My latest newsletter column.

On the evening of December 30, I sat in a darkened sanctuary. A few lights toward the pulpit turned the whole place into the color of toasted wheat. The wind outside howled. David Bowlin and his crew of merry-makers known as Chamber Music Quad Cities played magical music. I closed my eyes and let the sound wash over me. I was transported.

I’ve often said that, for me, music is akin to church. Music is exhilarating. Music is renewing. Music can make me weep. Music gives me hope.

Music hits a place deep in my bones.

But there was something more on the 30th. I sat there in gratitude for my family. We have had a very good year. I sat there with the difficulties of the church year heavy on my mind. I sat there with the many blessings of the church year accompanying me. I have seen many of you in life’s most significant moments—celebrating new babies with some of you; planning memorial services with others of you; listening deeply about life’s losses and making a way when there seems to be no way. Sometimes I sat with you in less dramatic but still important times: planning worship services; exploring ideas around religion and life in the board room. There has been laughter this year. And there have been growing edges and growing pains that have been frankly quite difficult.

Life in community, with its blessings and its speed bumps.

I sat there in the sanctuary, listening to piano and violin and cello. And I for a moment felt whole. I experienced a bit of the healing power of music. The musicians were vessels, absorbed in their own process, absorbed in the mixture of giving and receiving that is at the heart of the creative endeavor.

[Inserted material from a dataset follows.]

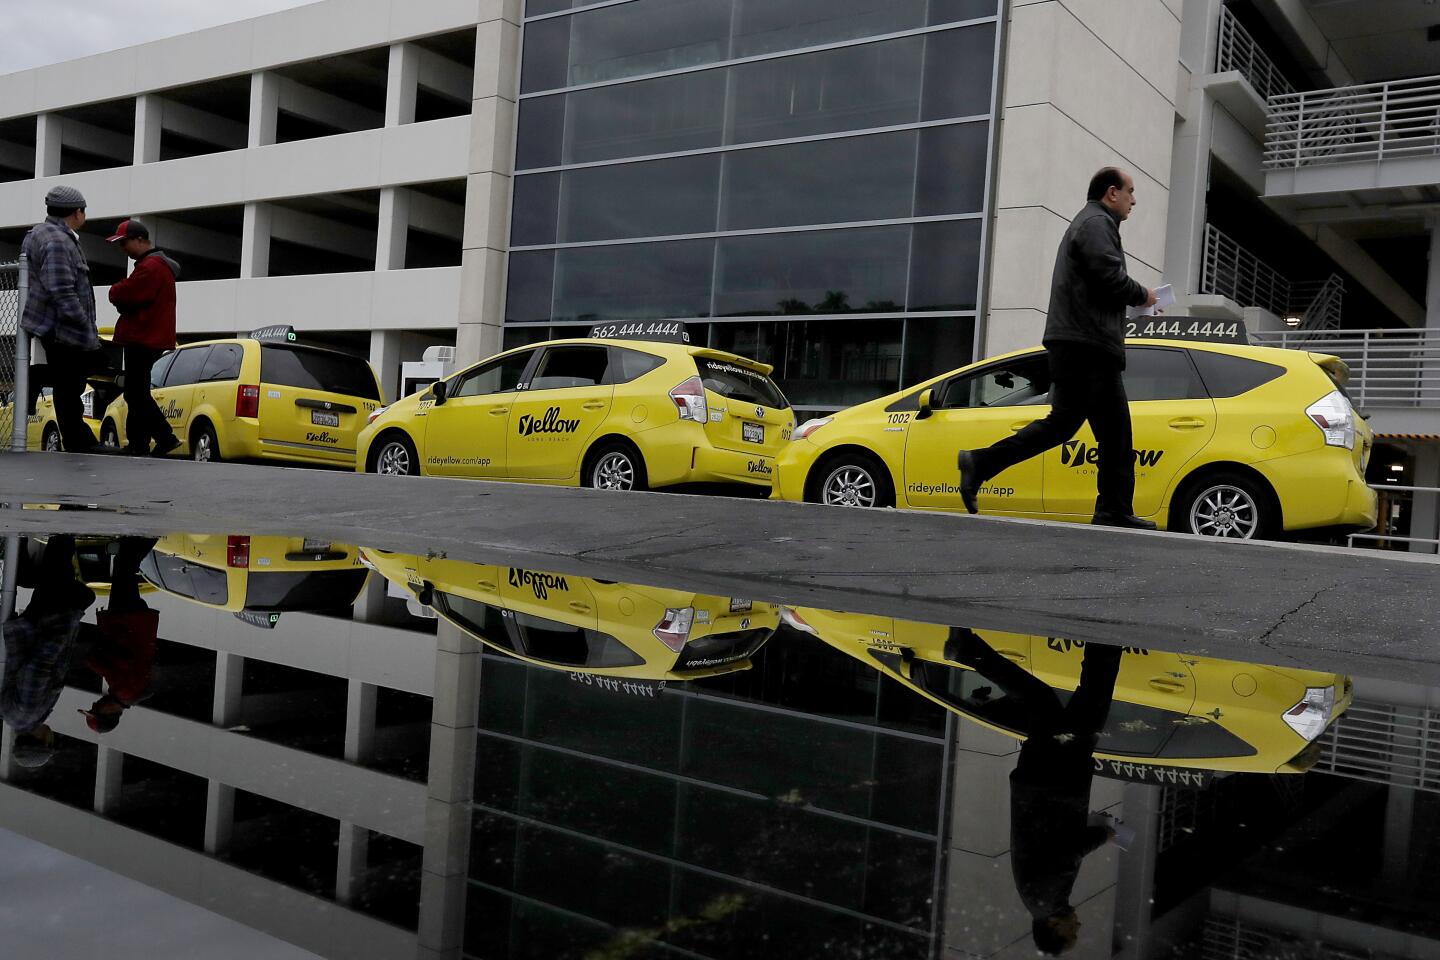 Cab drivers wait for riders at the Long Beach Airport.
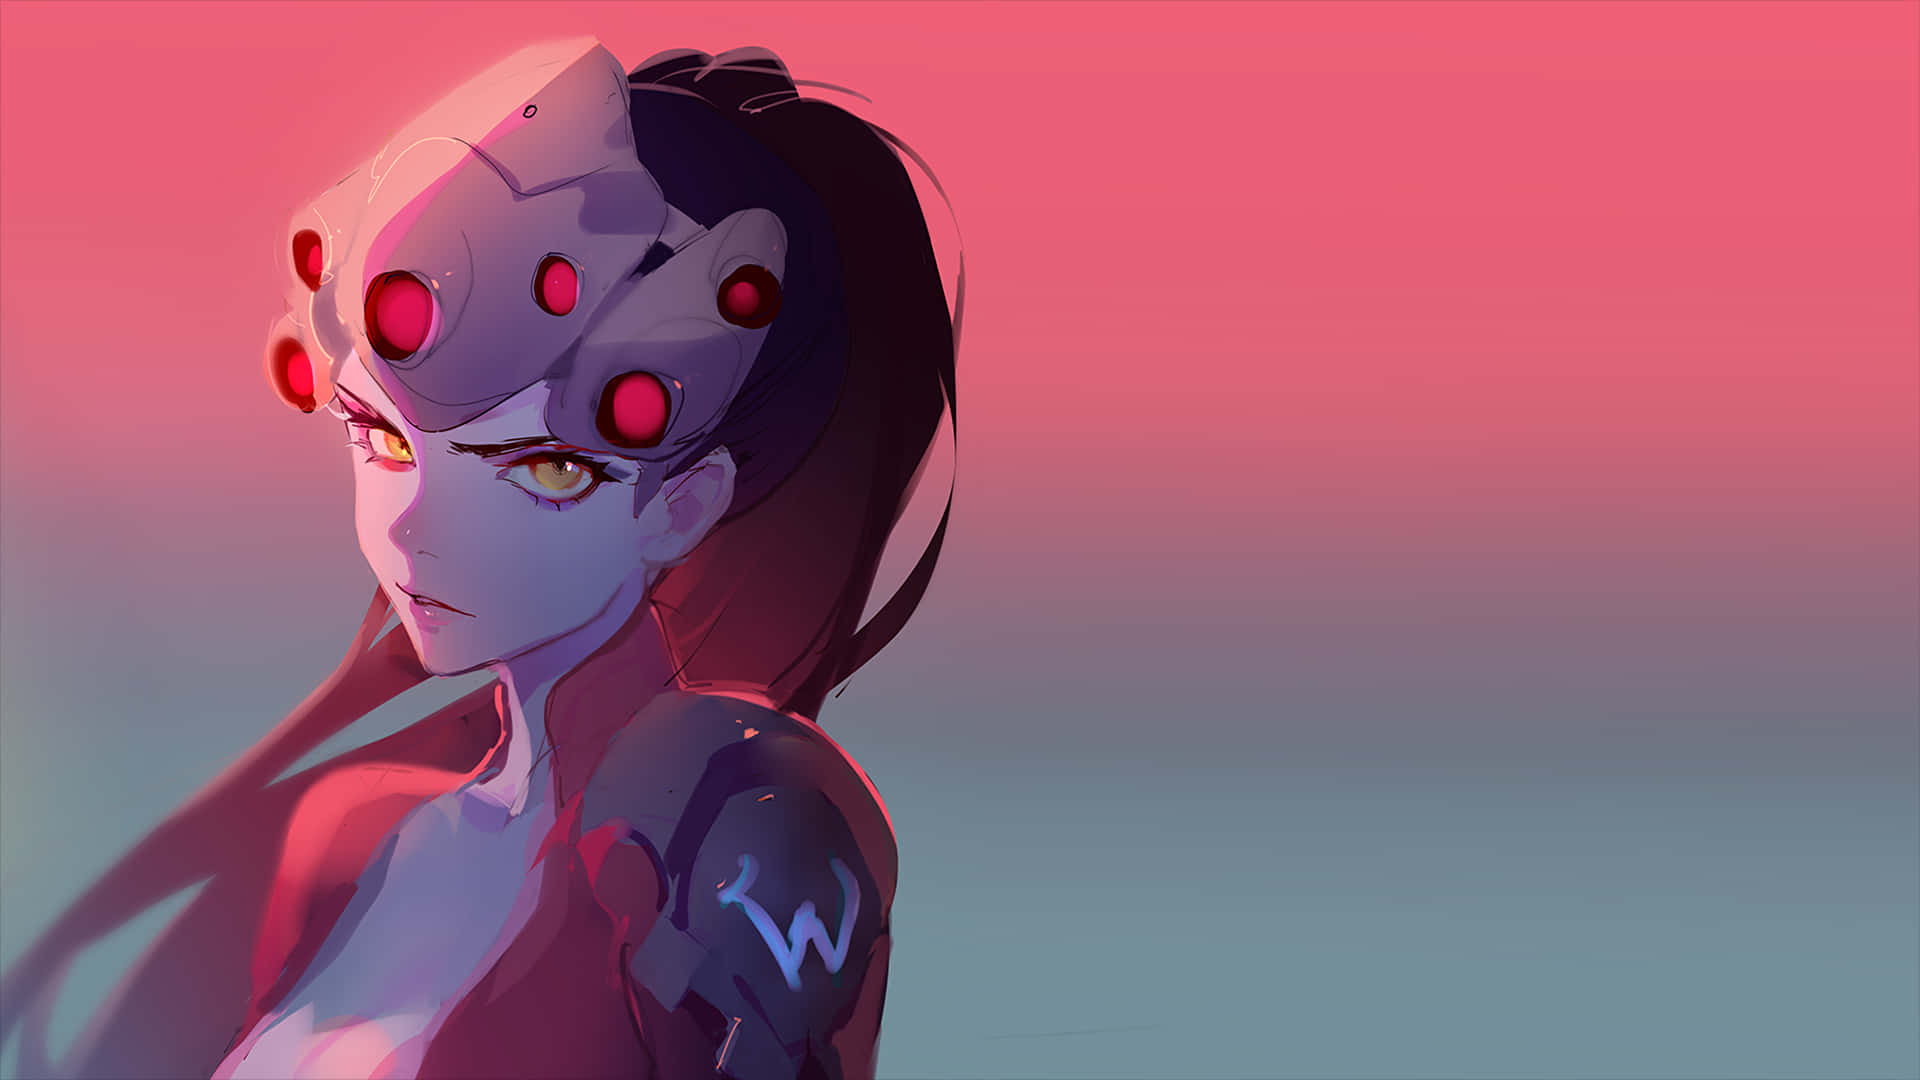 Dendödliga Widowmaker Har Overwatch I Sikte. (assuming The Sentence Is Referring To A Themed Wallpaper Featuring The Character Widowmaker From The Game Overwatch) Wallpaper

They were vessels of powerful grace, each in the sanctuary full of their own worries, full of their own concerns, full of their own gratitudes. Each open, as they were able, to the possibilities. Each open as the child on Christmas morn—Santa’s been here! What will happen next? Each open as the birder glimpsing the first eagle of the season. What majesty. What power.

Last Sunday in church, we talked about Anna the prophet in the story in the gospel of Luke who glimpses something holy upon seeing this Jesus, 8 days old in the temple. She was a widow. She was old. She was poor. She was not terribly ambitious. But she prayed and she fasted and she had eyes to see. For the Unitarian Universalist reading that story, the invitation is to reflect upon the question: What can I do to put myself in a position to have eyes to see the holy, the miraculous, all around? How shall I put my experience through the purifying heat of the fire of thought so that I am immersed in an understanding of my life as a part of the great story of the unfolding, evolving universe and its story, holy and powerful?

What is possible? What will happen next? What majesty! And I and my little concerns all wrapped up in the unfolding life of the holy earth. Life in community, with its blessings and bumps and bruises.

Choose to bless the world in 2009, no matter what! May you be blessed and be a blessing!